* Aim of the task *
What you return must be the full data, repeated verbatim, with no pictures in it.
Segment Start: Data shown
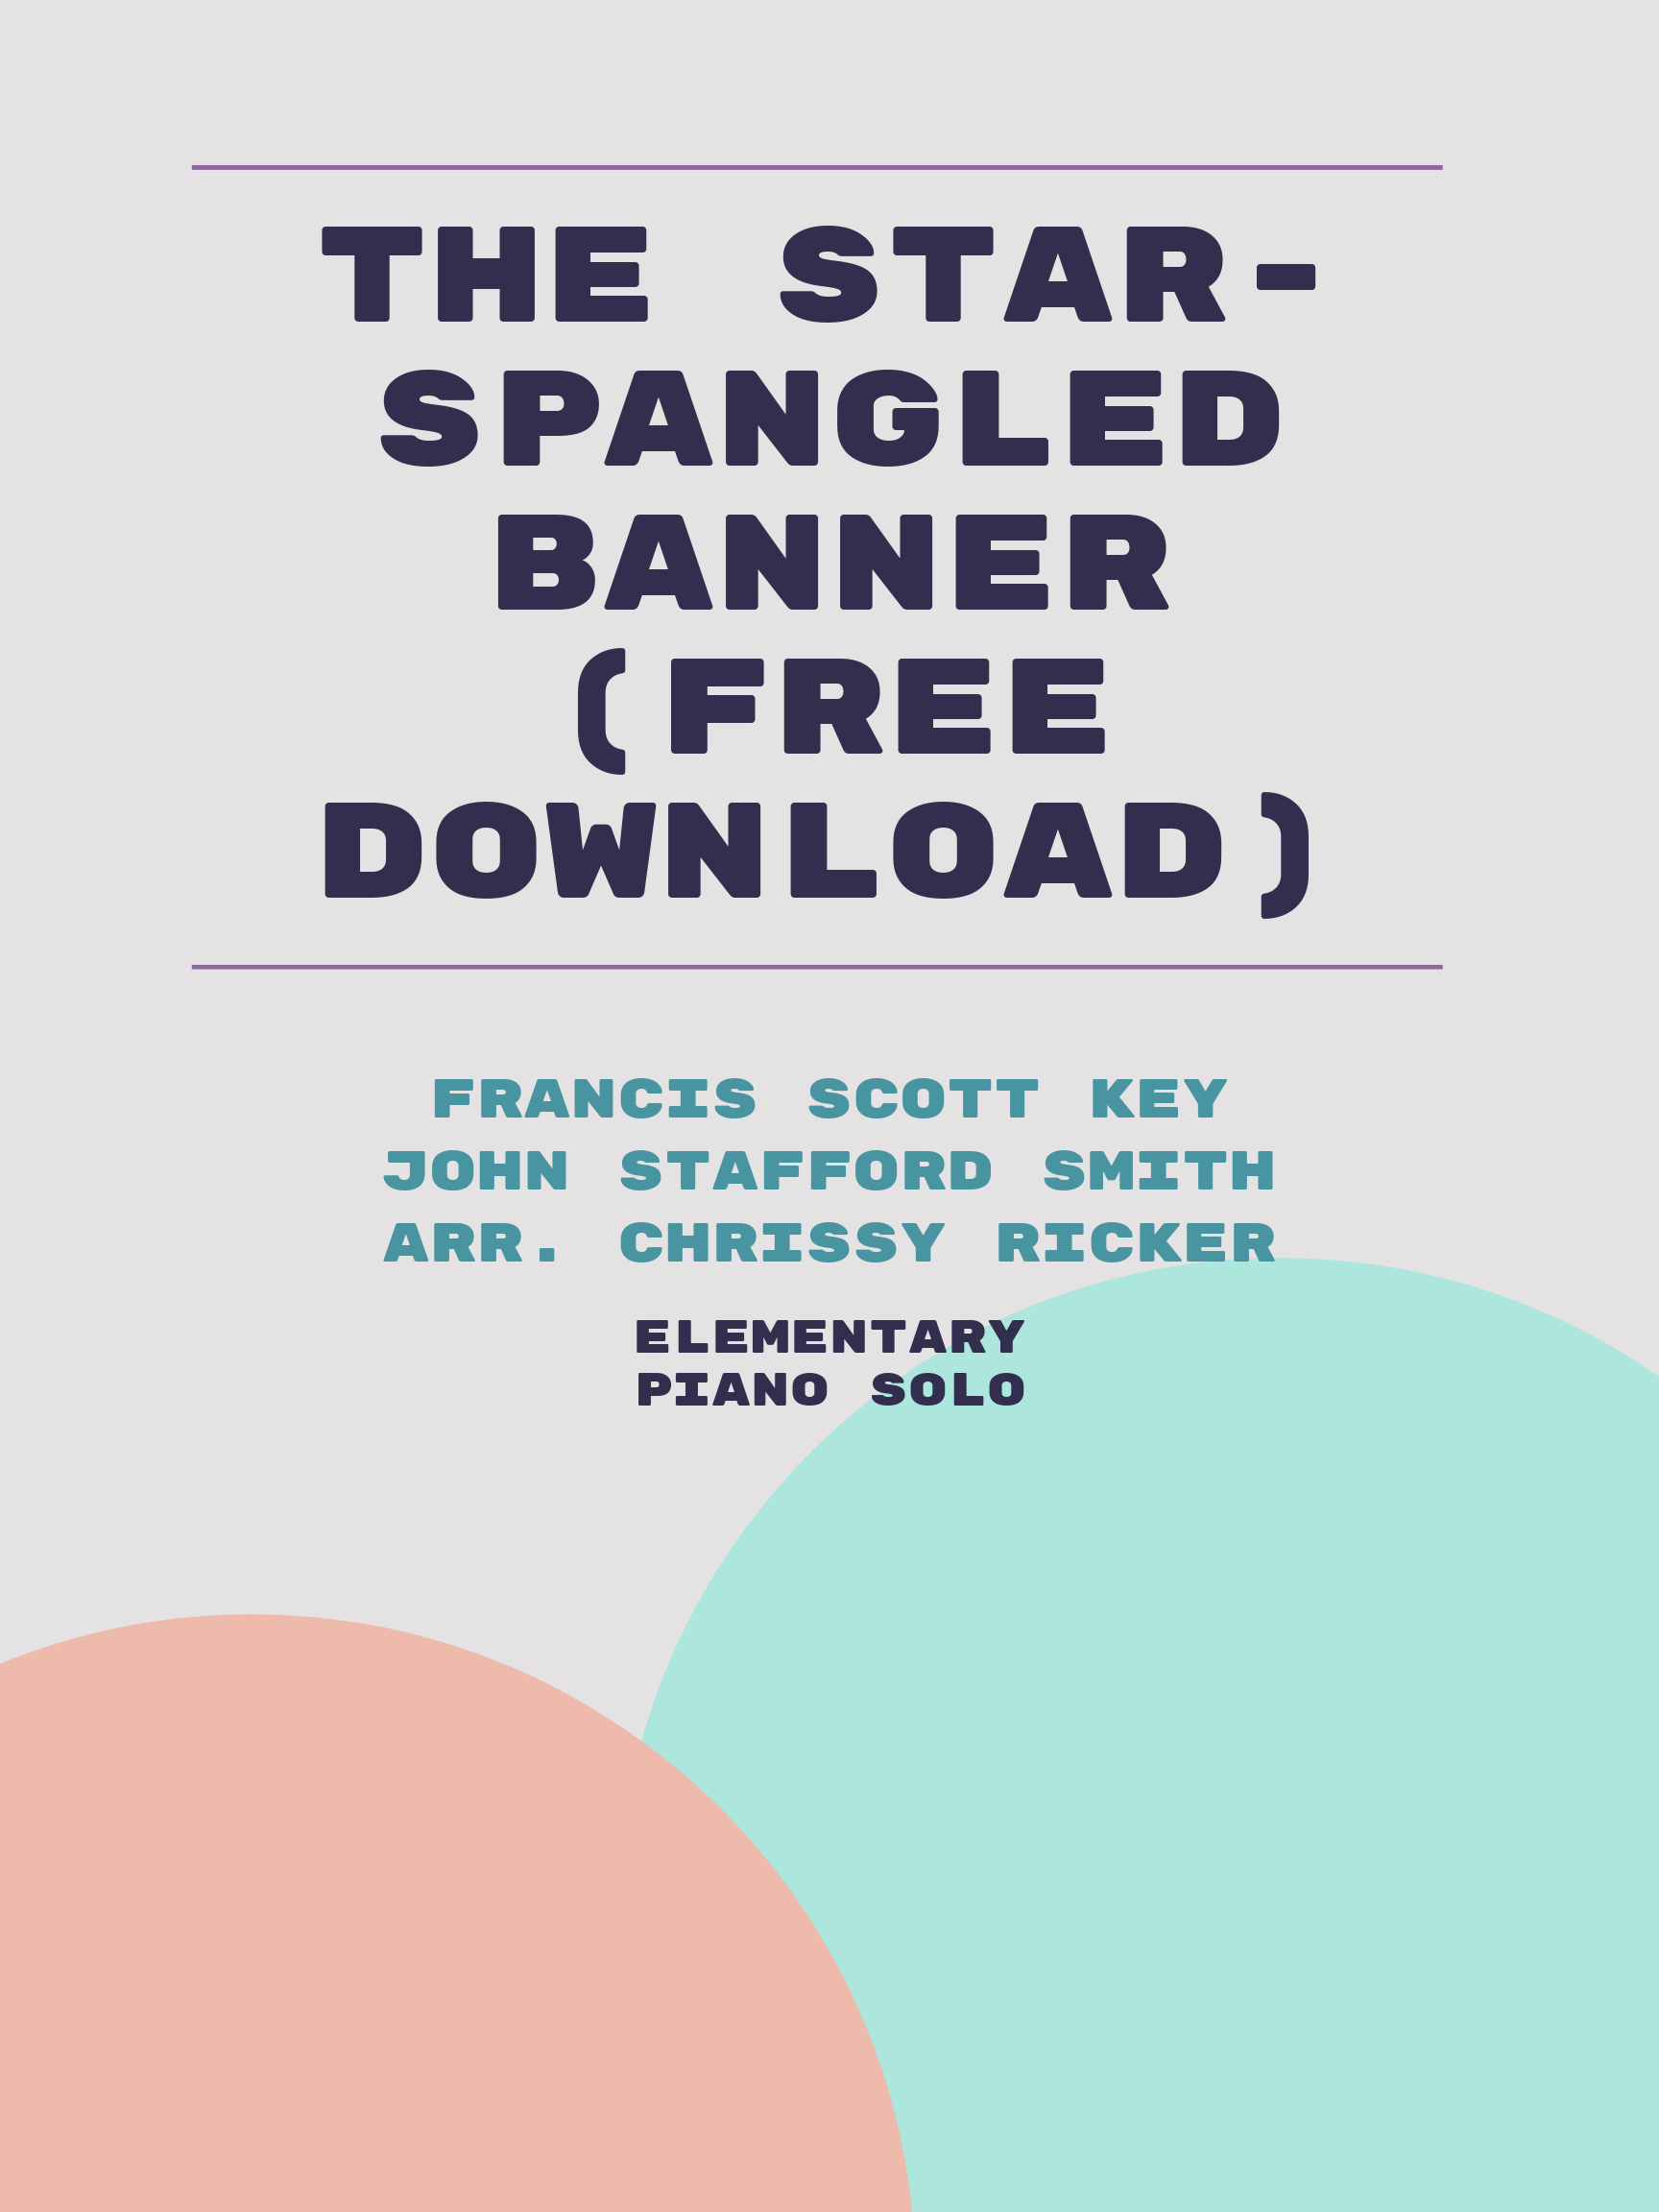 The Star-Spangled Banner (free download) by Francis Scott Key, John Stafford Smith
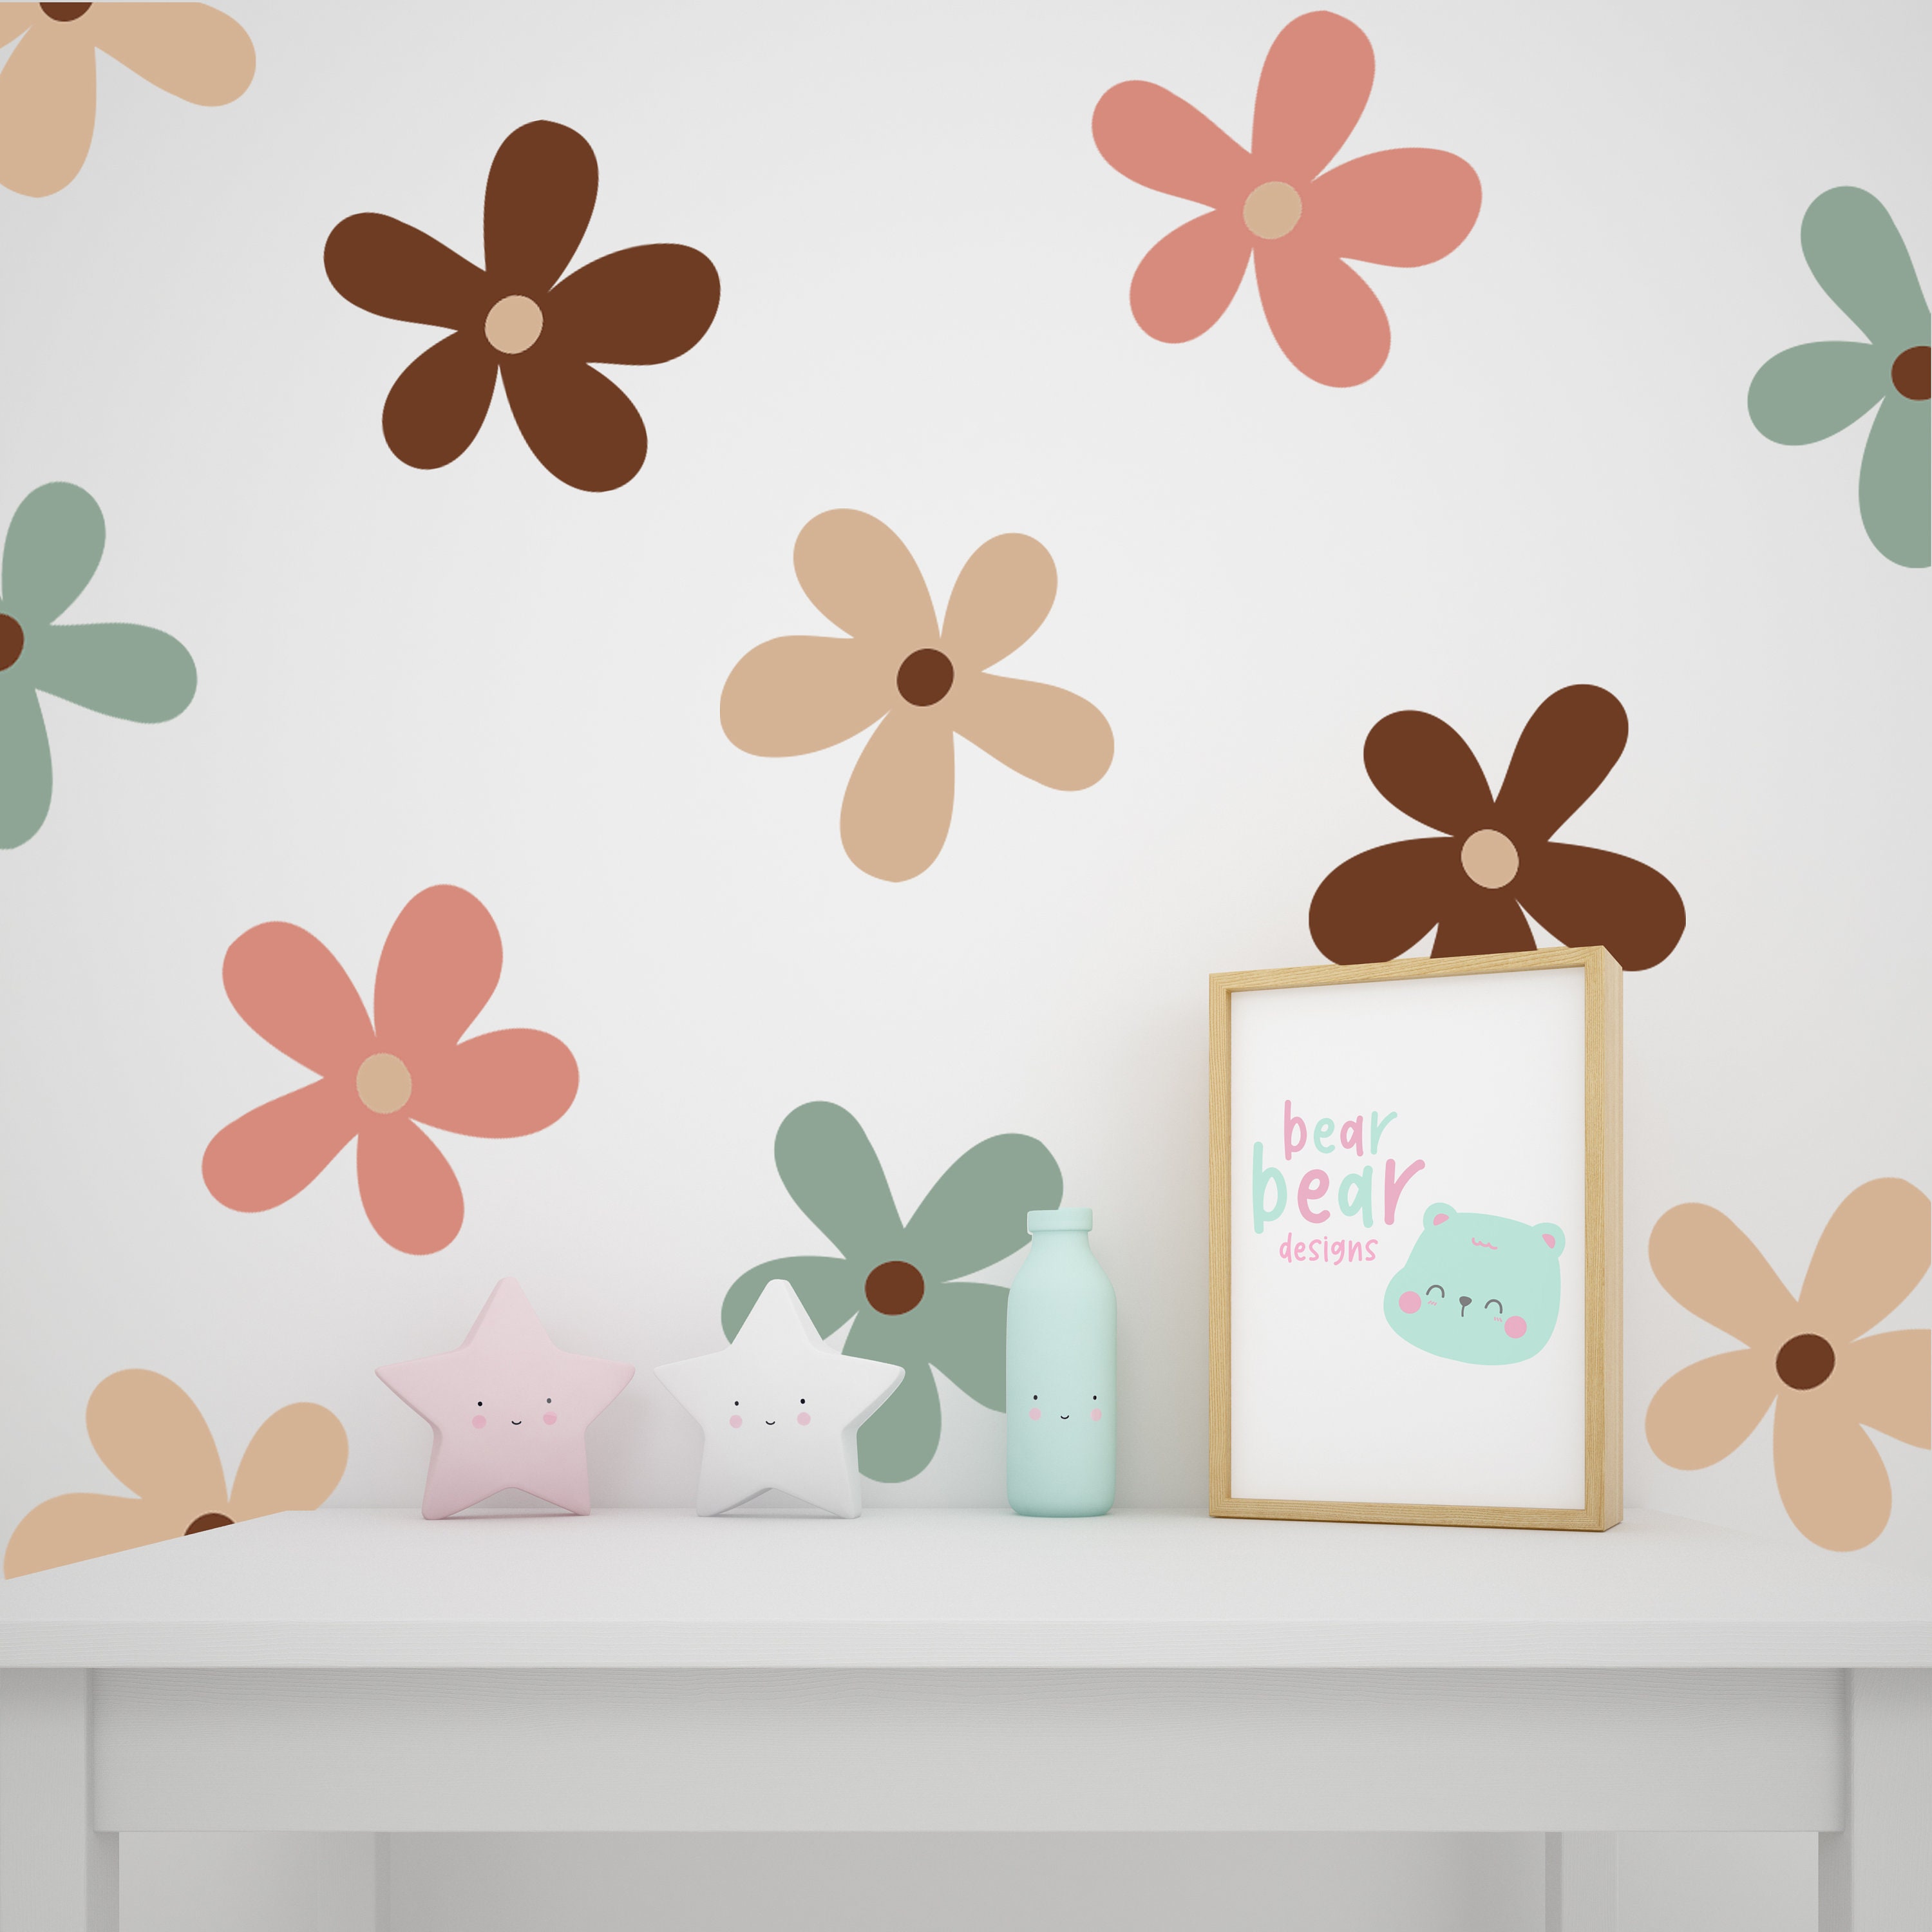 12 Sheets Daisy Stickers 133 Pieces Daisy Flower Decals Vinyl
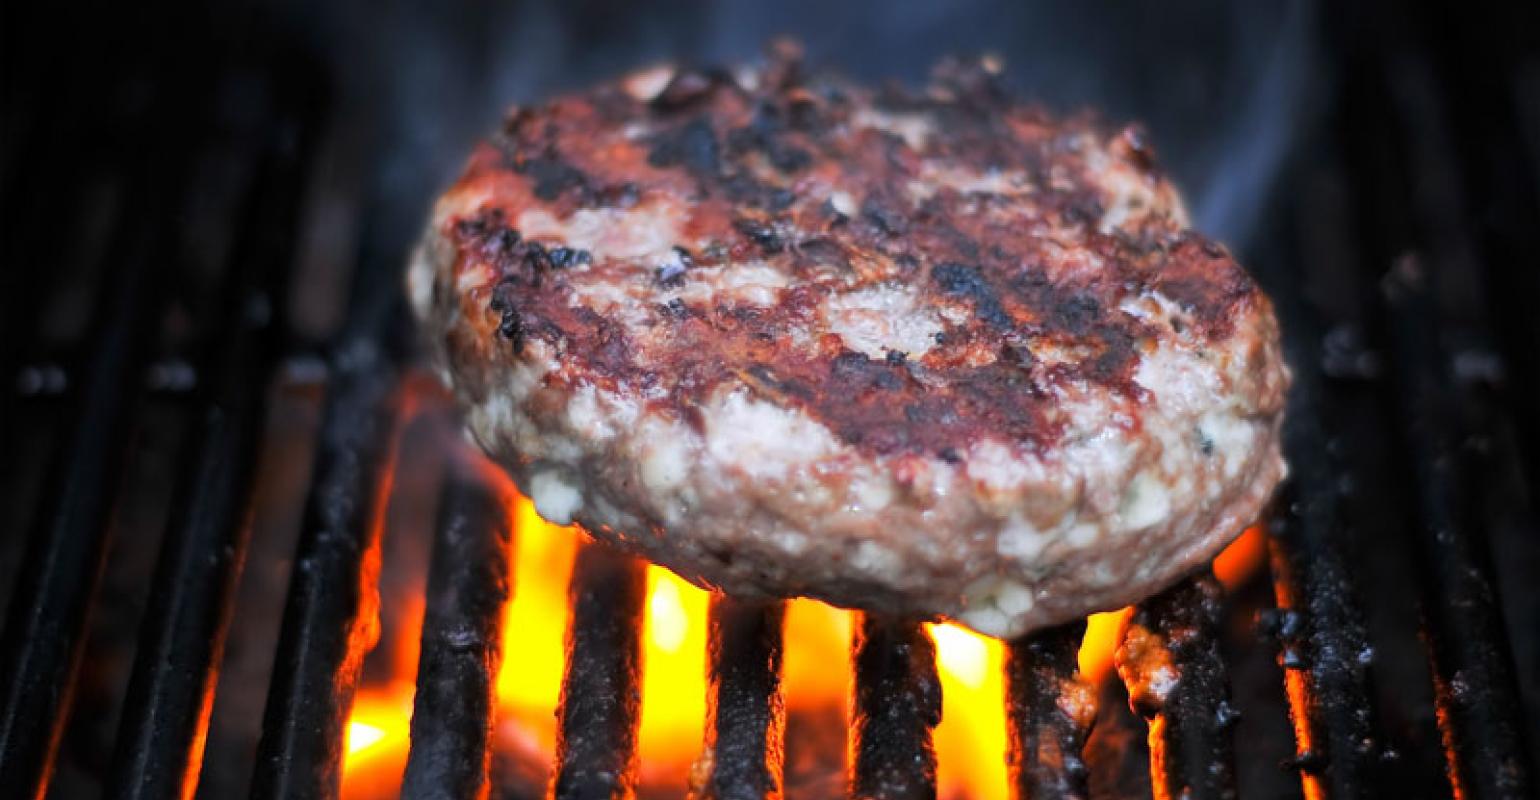 what is charbroiled burgers?
Segment End: Data shown
* Problem solution *
 The Star-Spangled Banner (free download) by Francis Scott Key, John Stafford Smith
 12 Sheets Daisy Stickers 133 Pieces Daisy Flower Decals Vinyl
 what is charbroiled burgers?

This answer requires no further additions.